Расширяясь смеялись зрачки фонарей

Над тем, что точно сбылось

 

* * *

 

Жёлтая радужка вкруг пруда

Сузилась в ожидании холода.

Чистый беззубый простор.

Чёрных стволов упор.

Девочка беременная смертью

Пьёт ещё-ещё живую осень.

Ты допиваешь своё отраженье, печальная Эхо,

Страшно тебе?

Очень.

Ты допиваешь своё отраженье, печальная Эхо,

Страшно тебе?

Очень.

Букв не хватает на линии судеб, а так бы я вышла из мрака.

Имя, а я бы с перстами пурпурными

Вышла из мрака.

Смерть отступает, рябит и редеет у края зрачков,

Золото копий резных шелестит под ступнями –

Это последнее солнце ложится на голое место.

Ты выбираешь своё отраженье, печальная Эхо.

Страшно тебе?

Очень.

Мрак отступает, рябит и редеет

У края зрачков.

Мрак отступает, рябит и редеет,

Печальная Эхо,

Чтоб замереть беспросветным,

Печальная Эхо,

Чтоб замереть беспросветным на донце,

Печальная Эхо,

Чтоб замереть беспросветным, печальная Эхо, на донце зрачка.

[Имя другое на линии судеб, и я бы всегда выходила из мрака.

Я бы всегда выходила младая из мрака.

Я бы всегда выходила из мрака

Из мрака

Что теперь будет?

Что теперь будет?

Что теперь будет?]

 

Сад

 

Это я. И моя немота тупа,

Точно боль от удара губы о зубы.

 

Я молчу.

Потому что в саду моём не яблоки наливают бока,

А коросты цветут, и вспухают ладони и голени.

 

Эта осень-зародыш

Под листами не голенькая как евочка.

Грубая, голая –

Погрызёт урожай, наведёт грязищи и сдохнет.
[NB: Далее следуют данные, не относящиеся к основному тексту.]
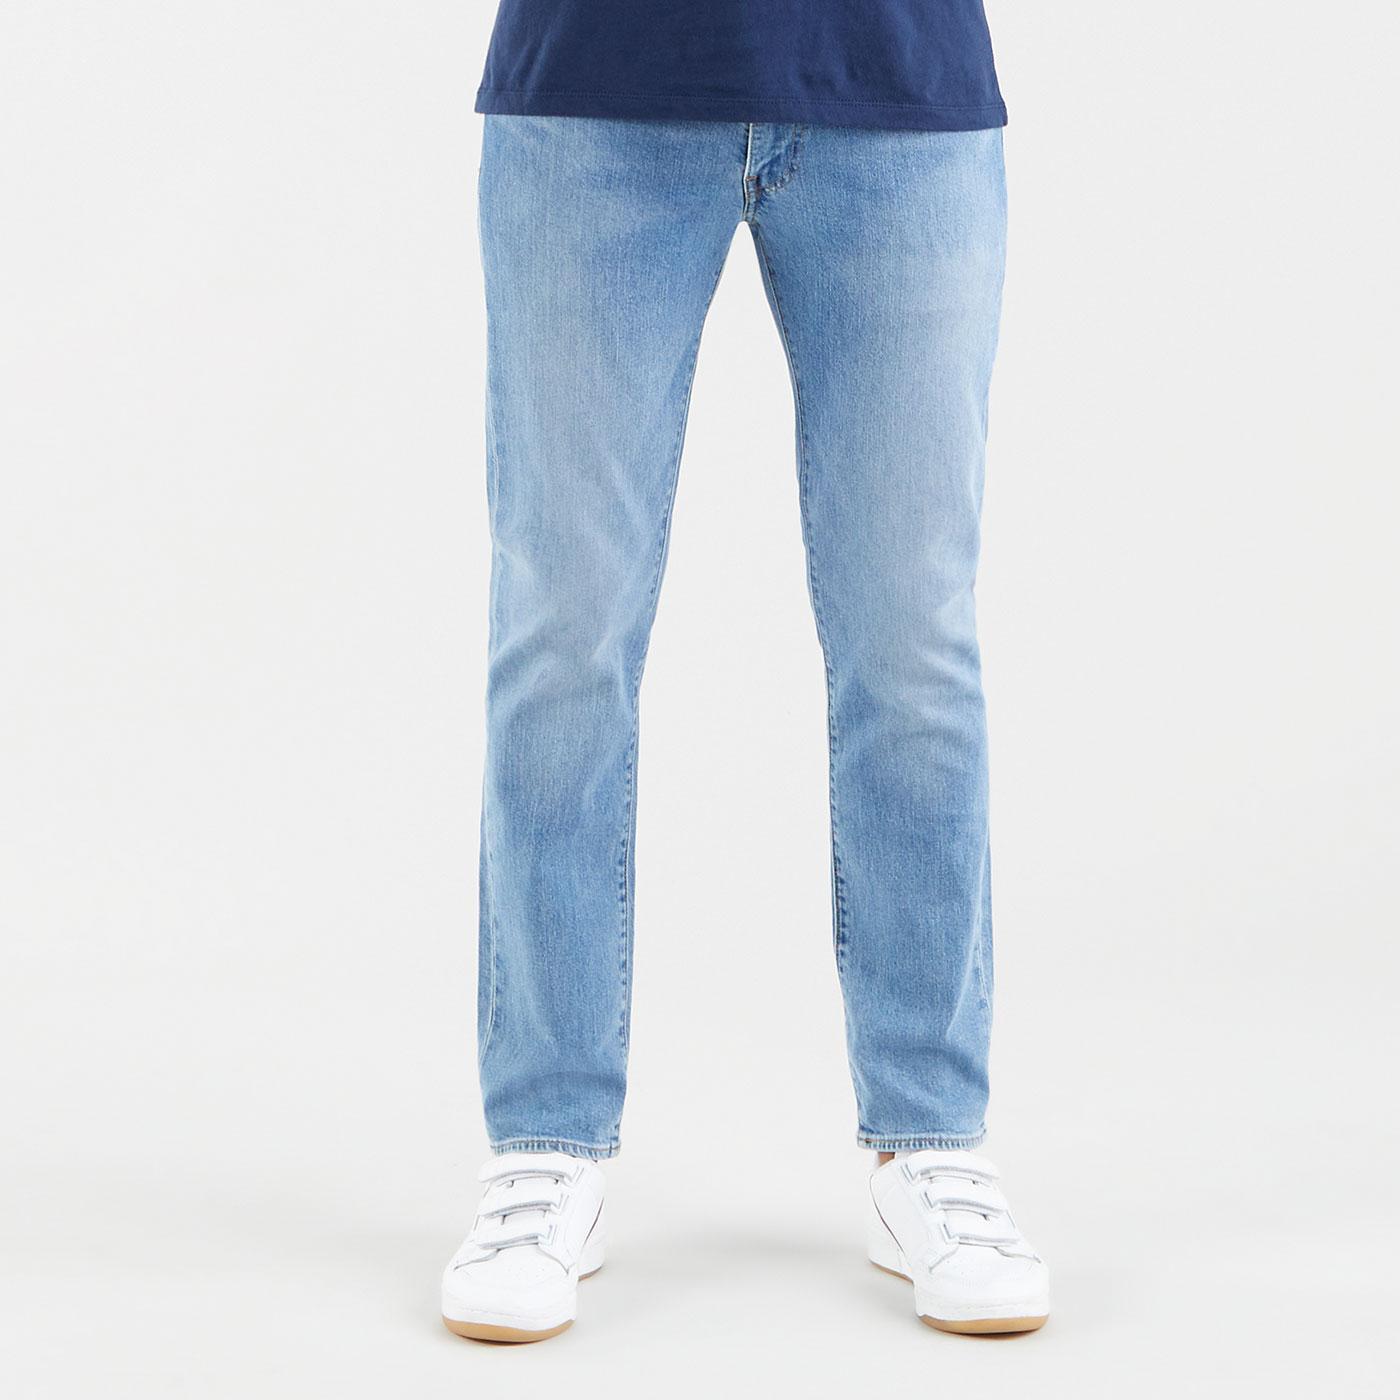 LEVI'S 511 Slim Retro Jeans (Corfu Got Friends)

Мне плевать на неё, я молчу.

 

Мои фрукты, цветочки, ягодки –

Девочки, дедушки, бабушки

Зацветают зимой и летом, зимой и летом.

Всегда сезон.

 

Я молчу.

Потому что пахнут они

Земляным цветом

Как ни вспахивай их:

«Потерпи ещё, уколю-уколю

Это только начало зимы, но скоро домой и лето,

Выйдешь отсюда и купишь себе путёвку»

 

Пахнут землёй и снегом

Землёй и снегом

В любое время любого года.

Я молчу. Я молчу.

И это моя работа.

 

Прозерпина

 

в.к.

 

В майском кафе после третьей бутылки пива её становится две –

Красивые и не могут не плакать,

Извиняются, что не могут не плакать.

 

Он говорит: «Девочки, вы такие красивые,

У меня от слёз ваших сердце трепещет!»

 

И одна смеётся другая в смехе её троится

И по правую руку они не отводят рук

А в глазах не отводят красного своего лица

Выпускают смеются своих мертвецов извиняются

То улыбками разбегаются то зубами с разбега стукаются

 

Девушка девушка повторите девушке пиво!

 

Пей, медичка моя! Пей, подружка моя, Прозерпина!

 

Сердце моё трещит – тяжёлая кожура,

Я собираю пальцами с правого лица

С левого лица

Прозрачное мясцо – хрупкие мёртвые зёрна-сердца – кровяные тельца.

А они ломаются.

Истекают гранатовым соком.

 

неловко и даже страшно

 

она подставляет лоб.

поцелуй

смеются.

извиняются.

 

им тоже страшно.

он останется, а она вернётся.

 

Список кораблей

 

Золотистое красное и прозрачное вязло на пальцах.

Щипало язык и глаза –

Не от запаха, от идеи.

 

От того, что не знаешь, что лучше – смерть или это.

И кого сильнее жалеть – тех, кто сдался

Или

Остался бороться. И сдался.

Или себя – спасителя-сопроводителя пыток.

 

Тем виднее, кто чувствовал-видел с чужого места.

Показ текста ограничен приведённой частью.